Repeated measurements of quick Sepsis-related Organ Failure Assessment improve predictive validity for sepsis using in-hospital mortality compared with a single measurement of quick Sepsis-related Organ Failure Assessment at the time a clinician suspects infection.
在疑似感染患者中,快速全身性感染相关器官衰竭评估(quick Sepsis-related Organ Failure Assessment,qSOFA)单次测量对脓毒症具有良好的预测价值,但重复测量的有效性增加尚不清楚。我们旨在确定与初始测量相比,在 48 小时内重复快速全身性感染相关器官衰竭评估测量对脓毒症的预测价值是否具有增量预测价值。
回顾性队列研究。
2012 年宾夕法尼亚州西南部的 12 家医院。
急诊科、病房、麻醉后护理单位和 ICU 的所有成年医疗和外科就诊患者。
无。
在 130 万成年患者就诊中,我们确定了首次疑似感染的患者。
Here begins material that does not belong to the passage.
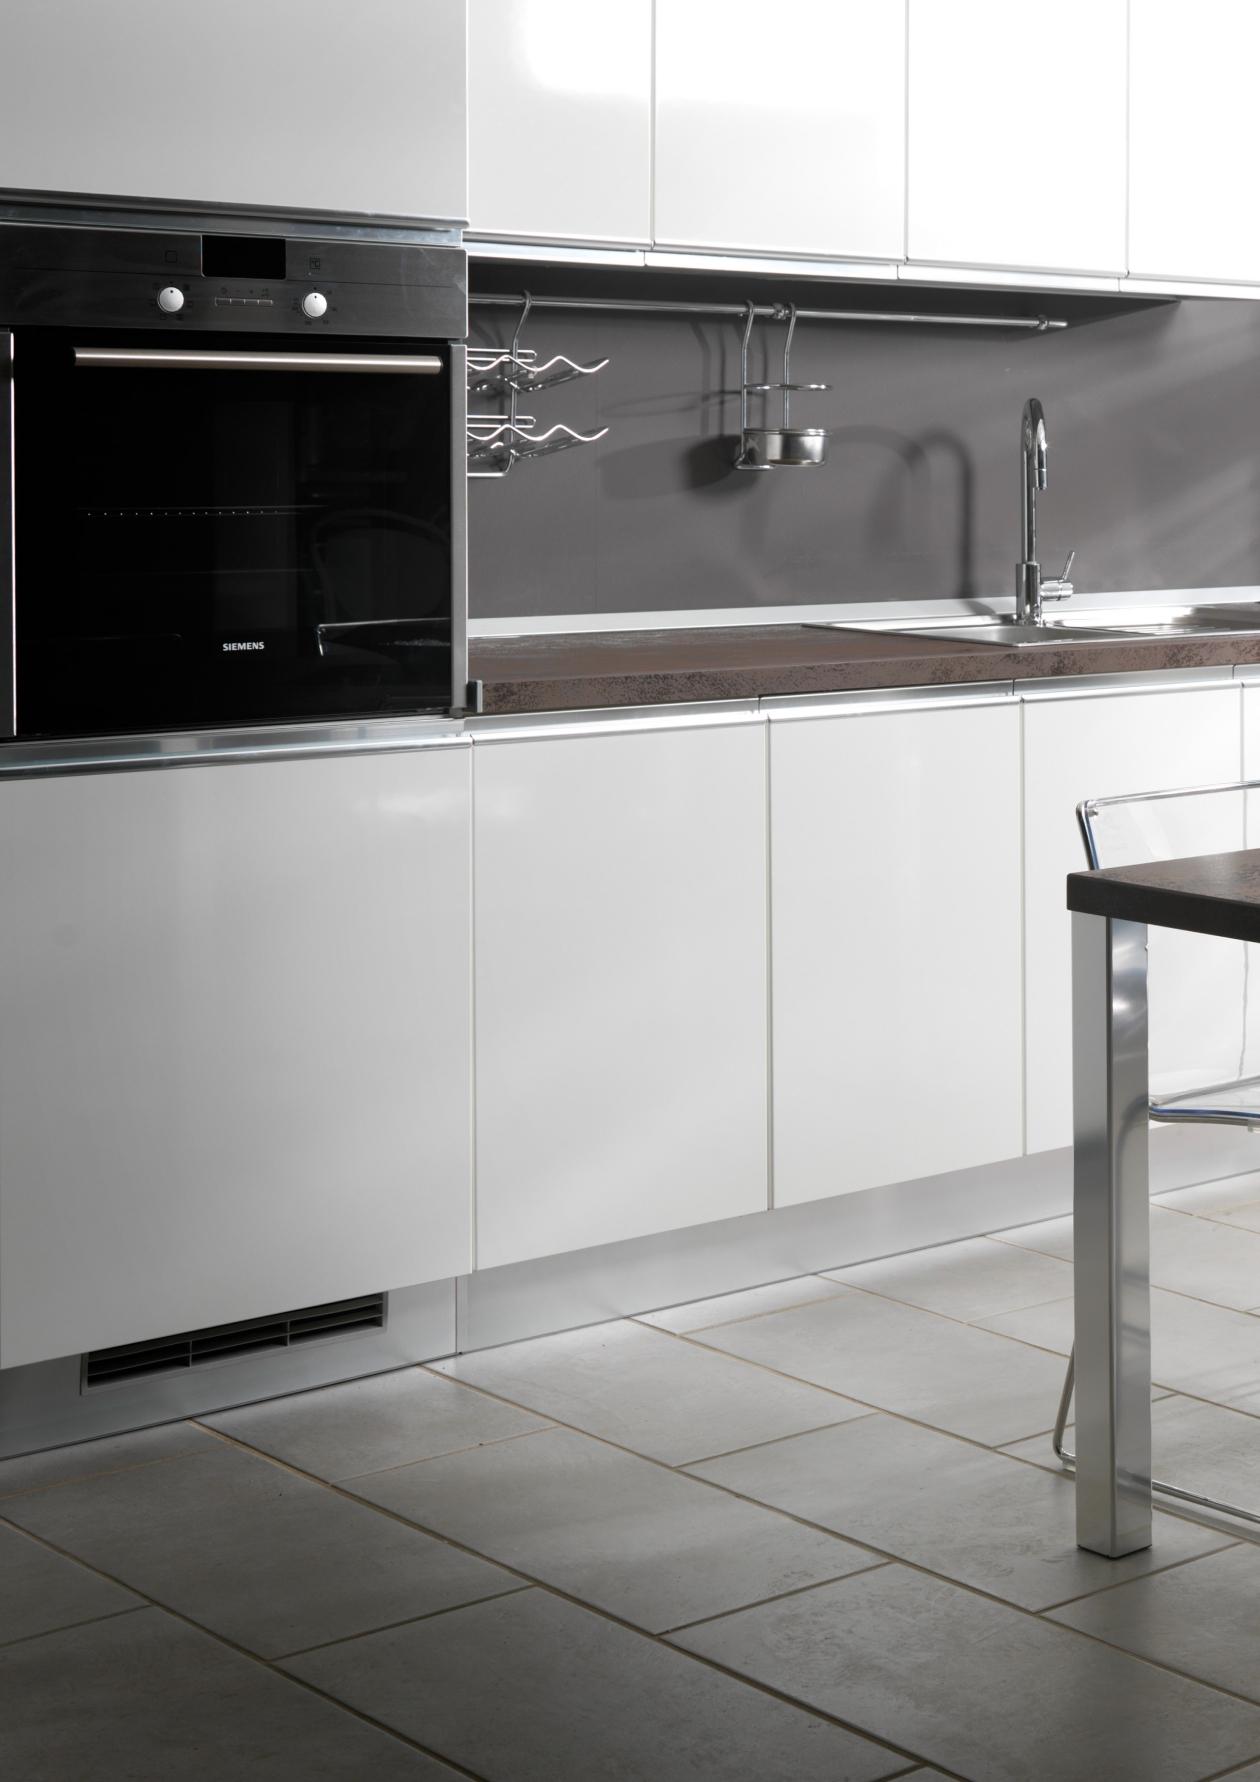 Piano Cucina Gres Opinioni easy top: le soluzioni del gres porcellanato - mondopratico.it

使用从疑似感染开始到 48 小时后每个 6 小时时相的最大快速全身性感染相关器官衰竭评估评分,我们使用以下方法描述了重复快速全身性感染相关器官衰竭评估:1)总结测量值(例如,48 小时的平均值),2)原始轨迹组,和 3)基于群组的轨迹建模。我们使用医院死亡率的接受者操作特征曲线下面积的增量变化来测量重复快速全身性感染相关器官衰竭评估的预测价值,该变化超过了基线风险(年龄、性别、种族/民族和合并症)。在 37591 例疑似感染患者中,有 1769 例(4.7%)在出院前死亡。48 小时时的平均快速全身性感染相关器官衰竭评估(接受者操作特征曲线下面积,0.86 [95%置信区间,0.85-0.86])和原始轨迹组(接受者操作特征曲线下面积,0.83 [95%置信区间,0.83-0.83])均优于初始快速全身性感染相关器官衰竭评估(接受者操作特征曲线下面积,0.79 [95%置信区间,0.78-0.80])(均 p<0.001)。基于群组的轨迹建模发现了五个轨迹(快速全身性感染相关器官衰竭评估始终较低、增加、减少、中等和始终较高),其预测价值优于初始测量(接受者操作特征曲线下面积,0.85 [95%置信区间,0.84-0.85];p<0.001)。
与临床医生怀疑感染时的单次快速全身性感染相关器官衰竭评估相比,使用住院死亡率对疑似感染患者进行重复快速全身性感染相关器官衰竭评估可提高脓毒症的预测价值。